Furthermore, by searching for only specific road names, as provided
from the directions, other road names or other signs can be
ignored. This reduces the processing burden on the mobile device
100.
[0087] In another example embodiment, turning to FIG. 17, example
computer executable instructions are provided for determining a
more precise location using the text searching capabilities. A
first location is obtained, which may be an approximate location
with some uncertainty. The first location is considered an input
that is used to derive a list of road names which are used as
search parameters. When the sought after road names have been found
in the image or images, the road names that have been found are
used to determine a more precise location.
[0088] In particular, at block 318, the mobile device 100 obtains a
first location of which the device is in the vicinity. The first
location can be determined by cell tower information, the location
of wireless or Wi-Fi hubs, GPS, etc. The first location can also be
determined by manually entered information, such as a postal code,
zip code, major intersection, etc. Based on this input, which is
considered an approximation of the region in which the mobile
device 100 is located, the mobile device 100 identifies a set of
road names surrounding the first location (block 320). The
surrounding road names can be determined using the mapping
application 69. These road names are used as search parameters.

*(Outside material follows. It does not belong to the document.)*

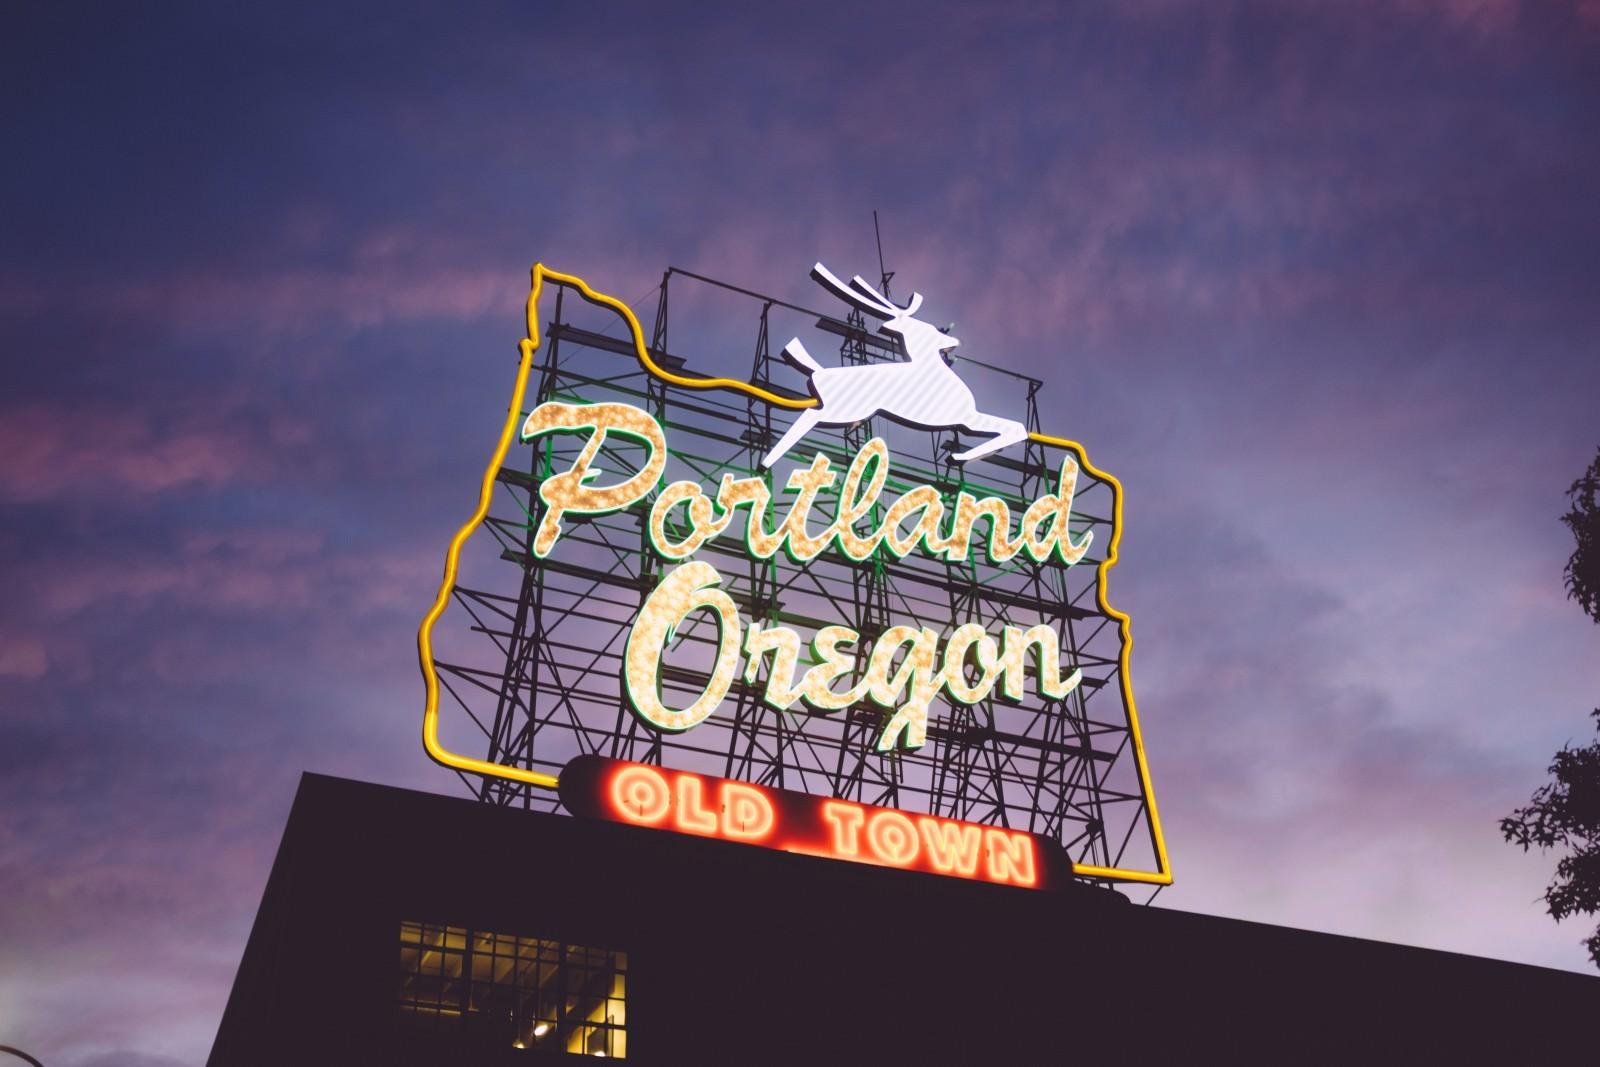 オレゴン、ポートランドのネオン
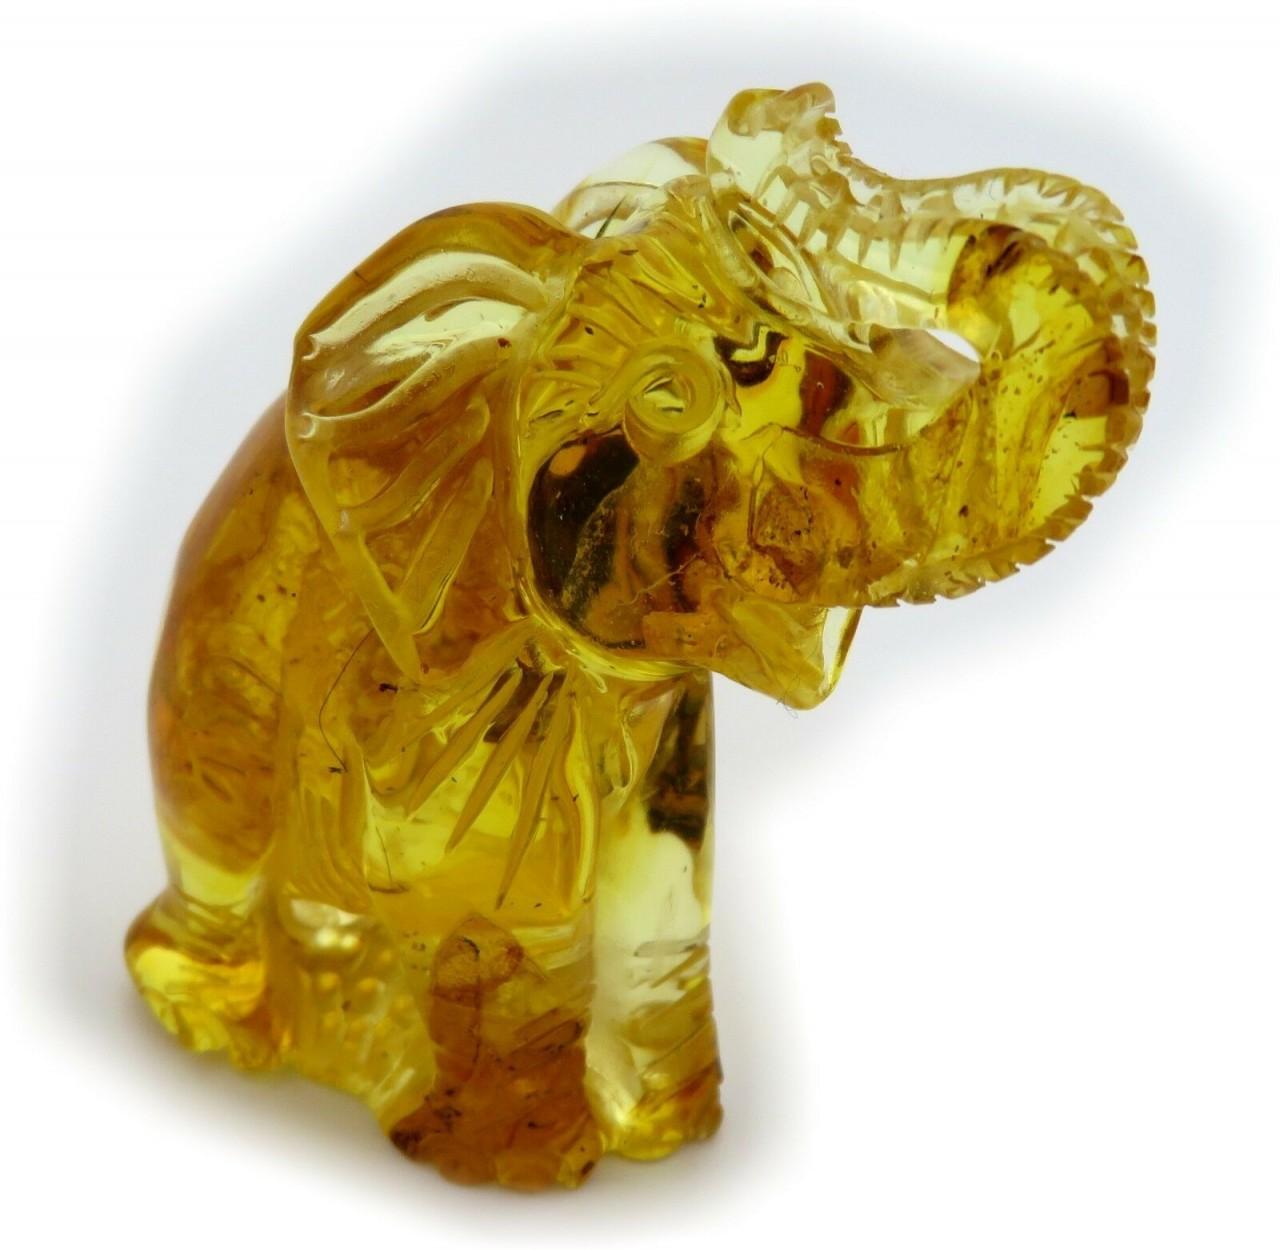 Figur Elefant echter Bernstein aus der Ostsee geschnitz Handarbeit Neu Qualität

[0089] Continuing with FIG. 17, at block 322, the mobile device 100
captures images of text (e.g. signage) using the camera 123. An OCR
algorithm is applied to the image to generate computer readable
text (block 324). At block 326, a search of the computer readable
text is performed using the search parameters (e.g. the road
names). If one or more of the road names is found (block 328), then
it is assumed that the mobile device 100 is located at the one or
more road names. The mobile device 100 then provides a second
location indicating more precisely the device is located at a given
road or given roads corresponding to the search parameters. This is
shown for example in FIG. 2, in the statement 232 "You are located
at Main St. and King Blvd."
[0090] More generally, turning to FIG. 18, a system and a method
for searching for text in one or more images are provided. The
method, performed by a computing device, includes: receiving an
input (block 330); generating a search parameter from the input,
the search parameter including the text (block 332); applying
optical character recognition to the one or more images to generate
computer readable text (block 334); applying the search parameter
to search for the text in the computer readable text (block 336);
and if the text is found, performing an action (block 338).
[0091] In another aspect, the method further includes continuously
capturing additional images in real-time, automatically applying
the optical character recognition to the additional images to
generate additional computer readable text, and, if the text is
found again, performing the action again. In another aspect, the
computing device is a mobile device including a camera, and the one
or more images are provided by the camera. In another aspect, the
input is text. In another aspect, the text is provided by a user.
In another aspect, the action performed is highlighting the text
that is found on a display. In another aspect, the one or more
images are of one or more pages, and the computing device records
the one or more pages on which the text that is found is located.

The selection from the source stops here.